• _Requirement_:
Copy task for the material below: print the line with "Naked boob butt" and every line after it to the end, exactly as written, without the pictures.

___ The data ___

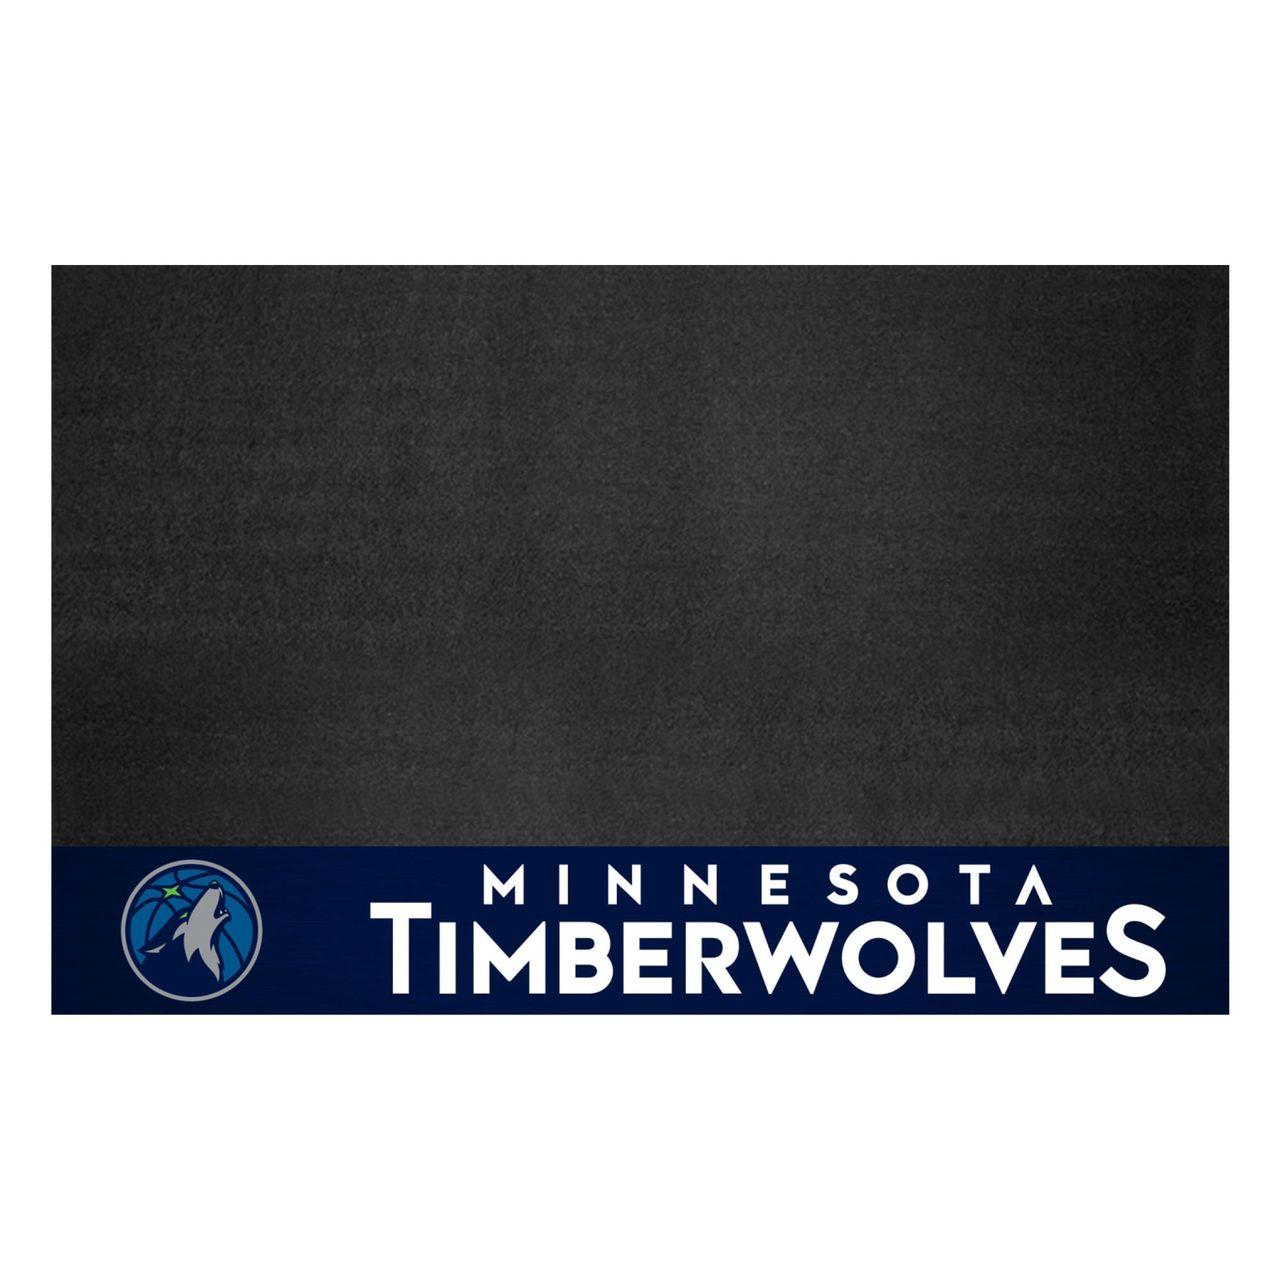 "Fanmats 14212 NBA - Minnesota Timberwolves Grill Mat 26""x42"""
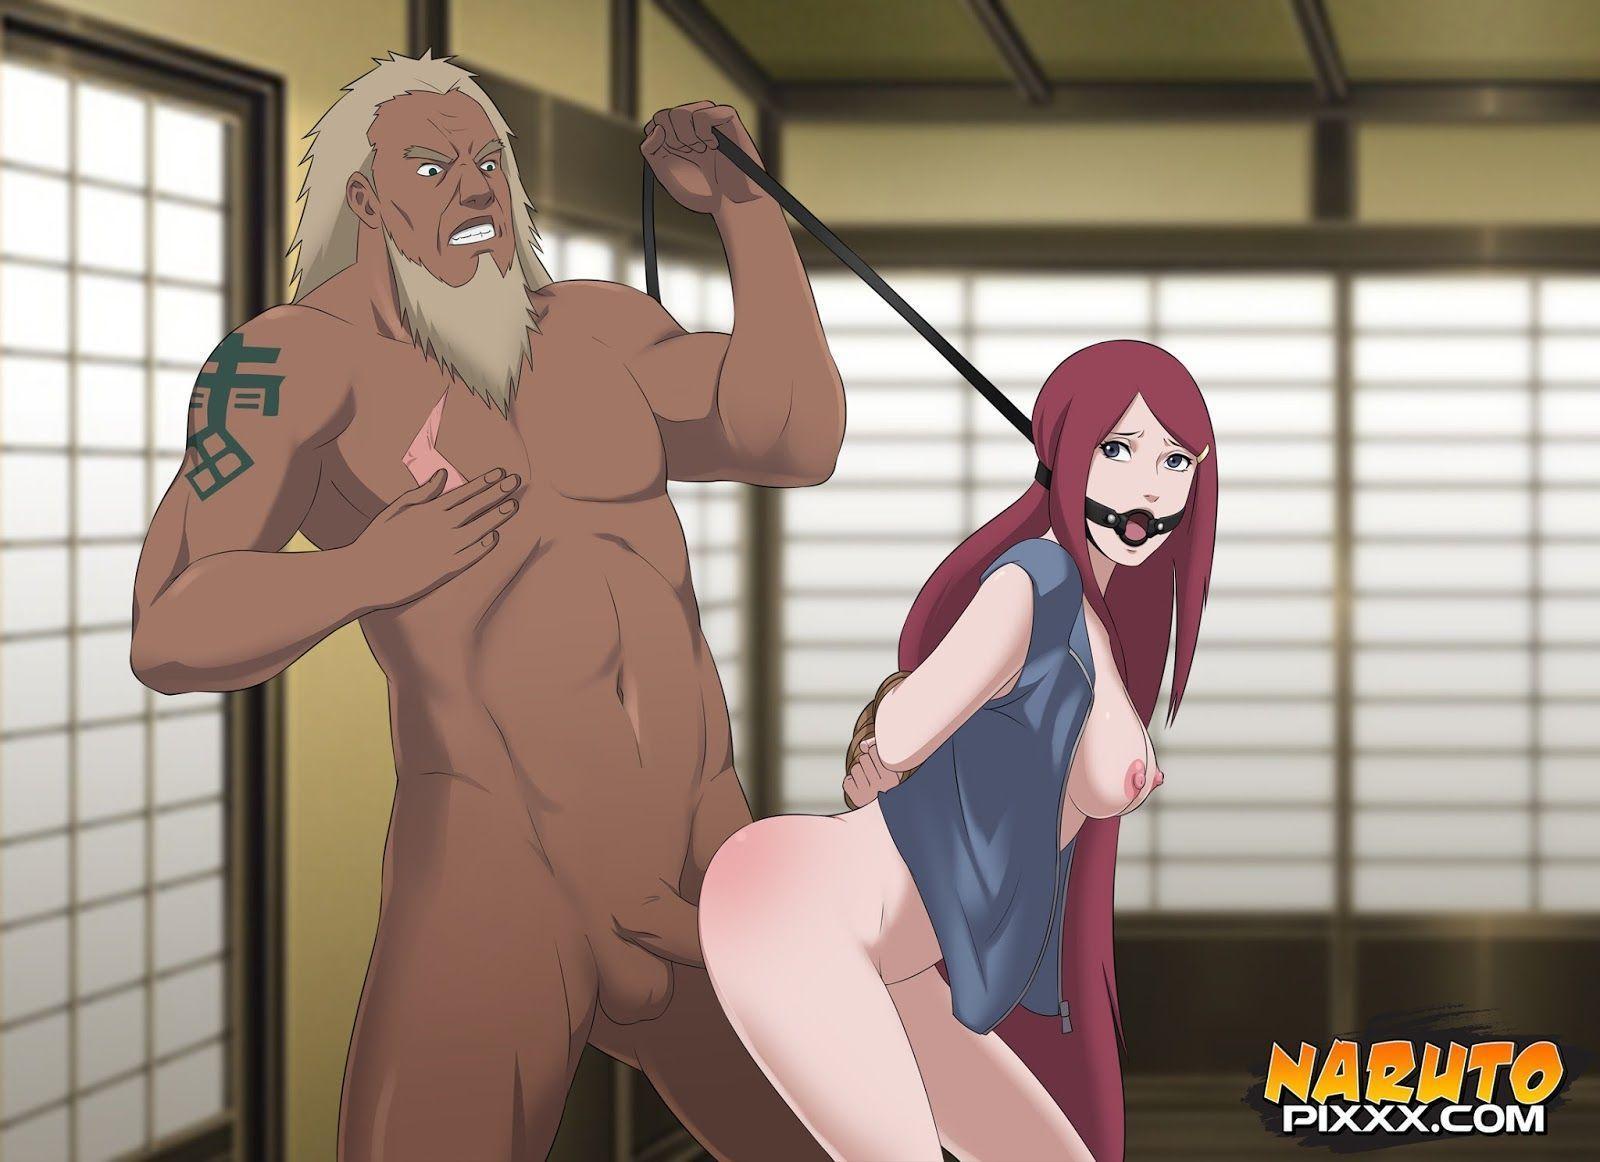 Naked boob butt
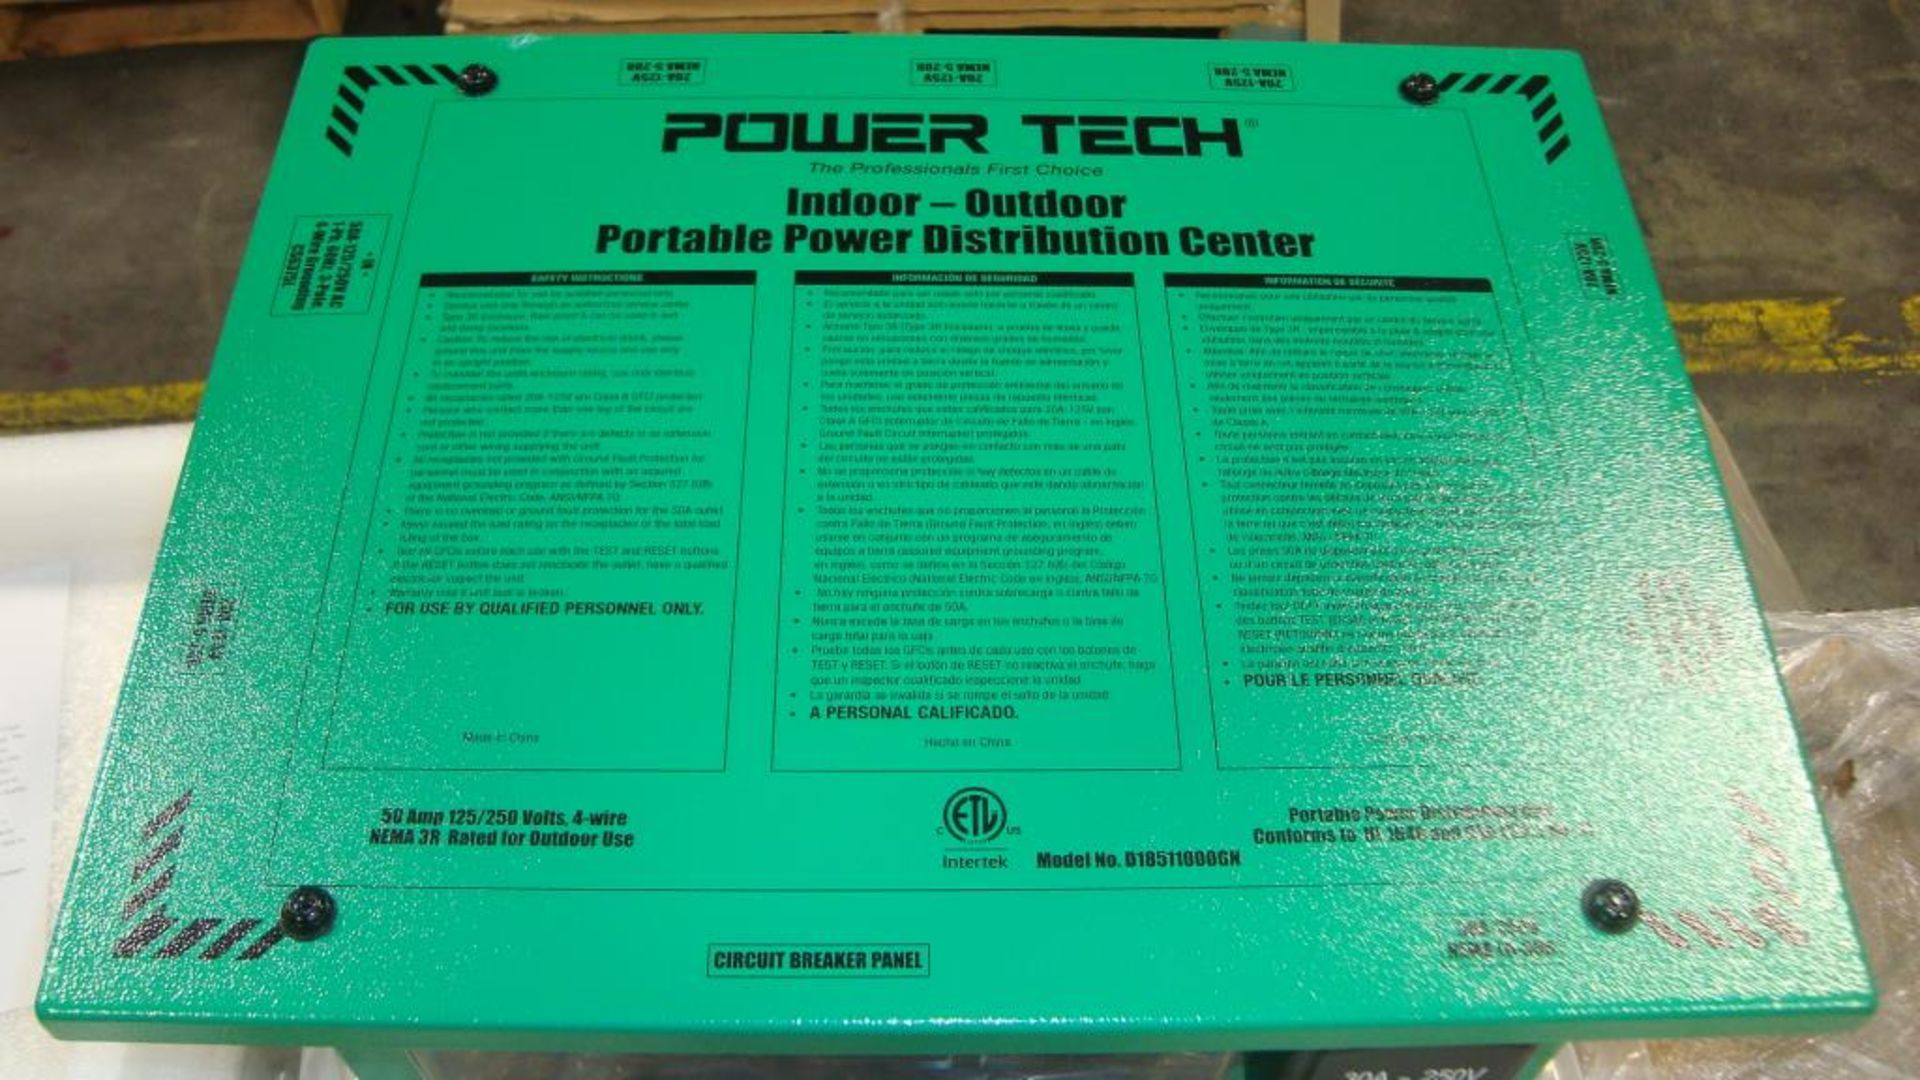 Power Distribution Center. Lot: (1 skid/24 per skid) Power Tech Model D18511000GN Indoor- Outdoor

___

• _Solution_:
 Naked boob butt
 Power Distribution Center. Lot: (1 skid/24 per skid) Power Tech Model D18511000GN Indoor- Outdoor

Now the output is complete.